Eve Uusmees

Personal information
- Born: 27 December 1936 Tallinn, Estonia
- Died: 10 February 2026 (aged 89)
- Height: 1.67 m (5 ft 6 in)
- Weight: 64 kg (141 lb)
- Spouse: Lembit Maurer

Sport
- Sport: Swimming
- Club: Kalev Tallinn

Medal record
Women's swimming
Representing the Soviet Union
European Championships
| Silver medal – second place | 1958 Budapest | 4×100 m medley |

= Eve Uusmees =

Estonian swimmer (1936–2026)

Eve-Mai Maurer (née Uusmees; 27 December 1936 – 10 February 2026) was an Estonian breaststroke swimmer who won the silver medal in the 4×100 m medley relay at the 1958 European Aquatics Championships. She also competed at the 1960 Summer Olympics in the 200 m breaststroke but was eliminated in the preliminaries.
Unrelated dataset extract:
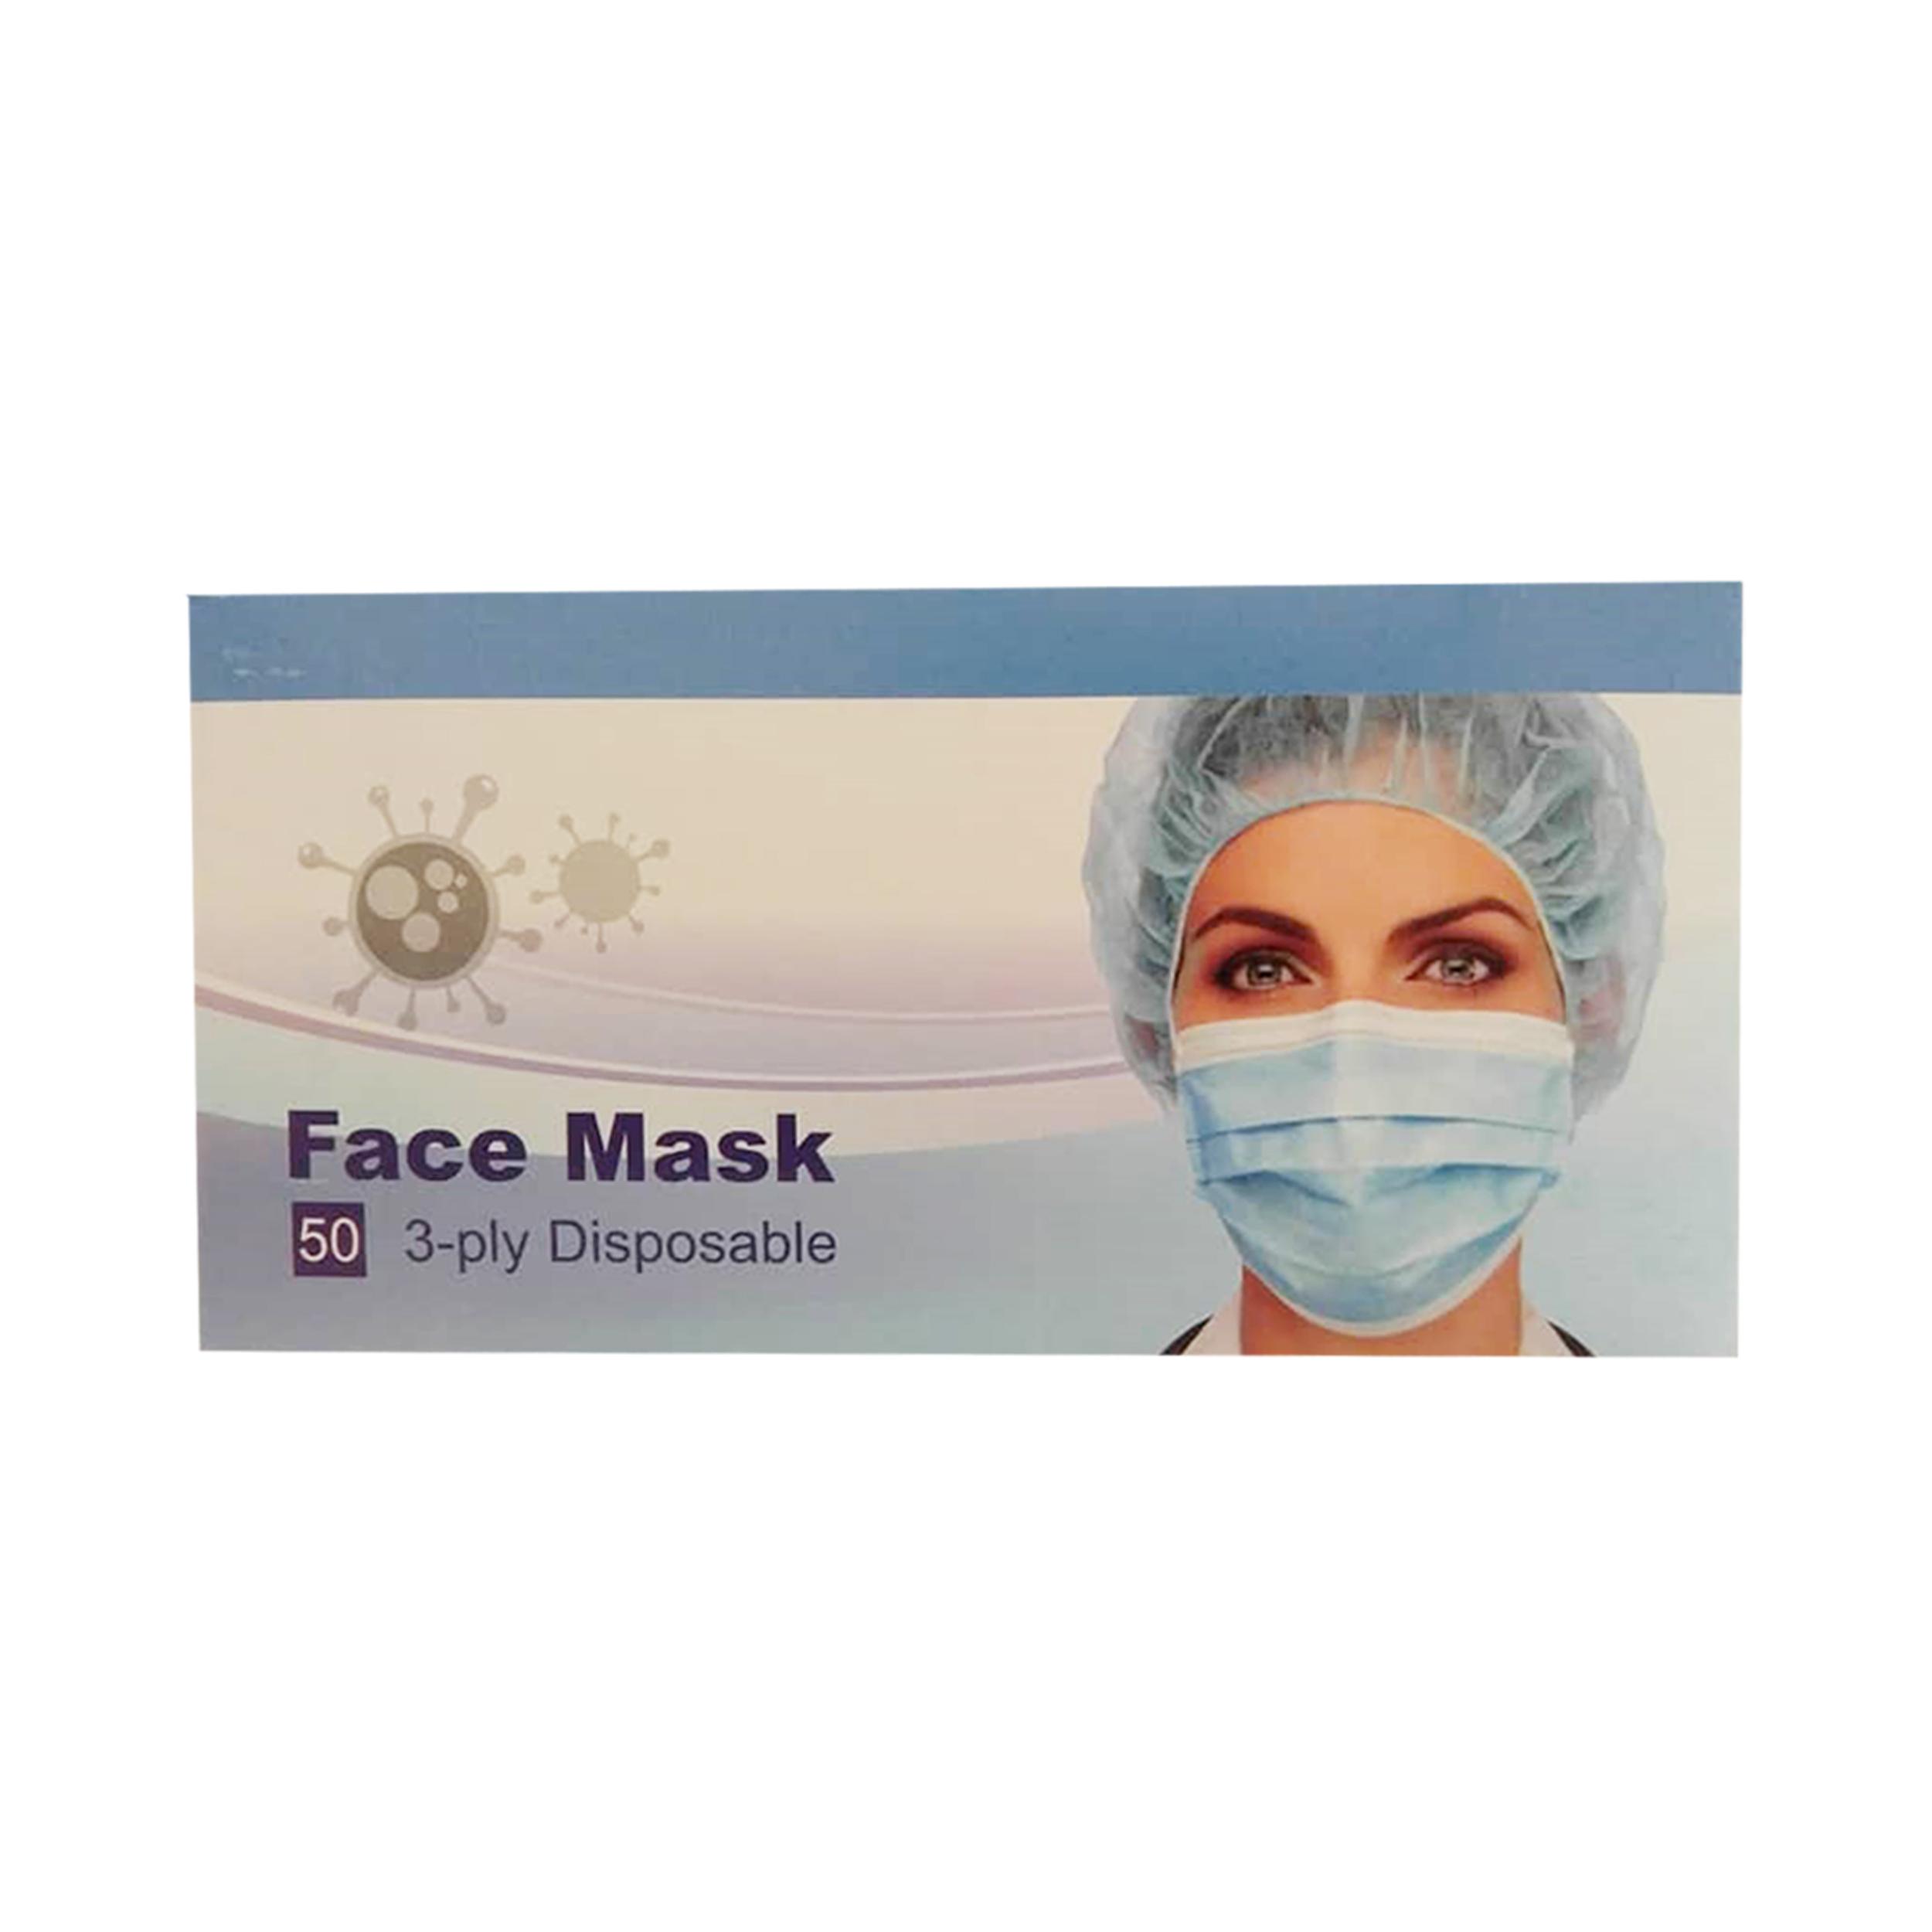 ماسک تنفسی مدل M04 بسته 50 عددی

Maurer started training in gymnastics but around 1952 switched to swimming. Her name is usually given as Eve Uusmees, but she changed it to Maurer in 1959. During 1953–64 she competed for the Estonian team and during 1956–62 for the Soviet Union team. She won five USSR titles: 100 m breaststroke (1960), 200 m breaststroke (1958–60) and 4×100 m medley (1958); in 1962 she finished second in the 100 m, and in 1956–57 she was third in the 200 m breaststroke. After retirement she worked as a swimming coach and administrator.

Maurer died on 10 February 2026, at the age of 89.